Author: Philippe Ayres, MD

Editor: Esteban Davila, MD

 

Case:

A 65-year-old male with a past medical history of hypertension, insulin-dependent diabetes, hyperlipidemia, and coronary artery disease was brought to the ED by EMS as a “STEMI notification”. He reported 5 days of malaise, myalgias, fevers, chills and two days of epigastric and midline pressure-like chest pain and full body pain. The patient’s vital signs were temperature 102.2 F, pulse 125/min, systolic blood pressure 160 mm Hg, respiratory rate 24/min, and pulse oximetry 93% on room air. He received supplemental oxygen, aspirin 324 mg, and nitroglycerin 0.4 mg SL x 2 from EMS. Physical exam was significant for epigastric and suprapubic tenderness. 

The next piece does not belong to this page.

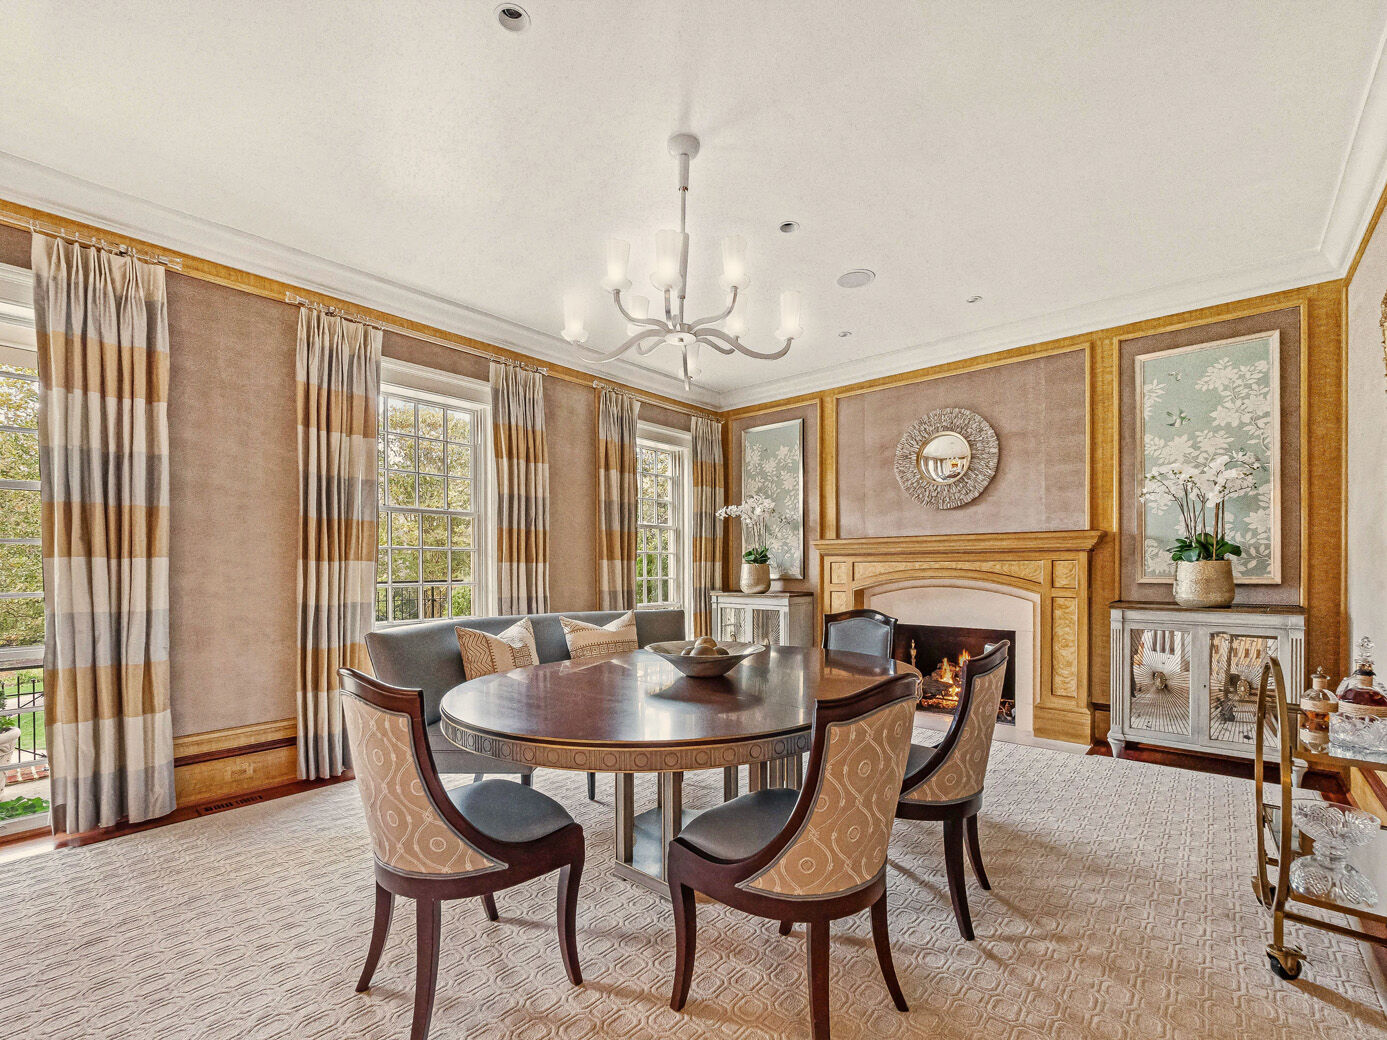 PHOTOS: DC sports magnate Ted Leonsis' $14.7 million former McLean

The initial ECG had ST-elevation in aVR with diffuse ST-depressions:

Given the history and exam, the ED team canceled the catheterization lab activation and managed the patient as a sepsis case. Initial lab results were significant for troponin 0.29 mmol/L, lactate 2.2 mmol/L, beta-hydroxybutyrate 1.99 mmol/L, anion gap 16, pH 7.4, bicarbonate 18 mmol/L, CO2 29 mm Hg, blood glucose 416 mg/dL and ketonuria. Bedside ultrasonography identified diffuse B-lines over the left lower lung. The patient was treated for sepsis secondary to pneumonia with azithromycin, ceftriaxone, acetaminophen, normal saline 2L bolus, ketorolac, and insulin. There was persistent tachycardia of 111/min. The patient was admitted to medicine for further sepsis management.

Eight hours after being admitted, the patient complained of pleuritic chest pain. A repeat ECG at this time was unchanged, and a repeat troponin had increased to 12 mmol/L. The medicine team initiated management for “NSTEMI” with ticagrelor 180 mg and heparin drip. Cardiology was consulted stat!

 

Questions to Consider:

Did the EM team miss a diagnosis of occlusion myocardial infarction (OMI)? What is the differential diagnosis for an ECG with ST-segment elevation in aVR with diffuse ST-depressions?

 

Introduction:

Lead aVR is one of three augmented leads created by Goldberger who used Einthoven’s triangle as the basis for calculating aVR, aVL, and aVF. The purpose of lead aVR was to obtain specific information from the right upper side of the heart such as the right ventricular outflow tract and basal part of the septum.[1] This area of the heart is supplied either by the large first septal branch (S1) of the left anterior descending artery alone or the large conus branch of the right coronary artery, and transmural ischemia of these regions results in ST-elevation in aVR.[2][3]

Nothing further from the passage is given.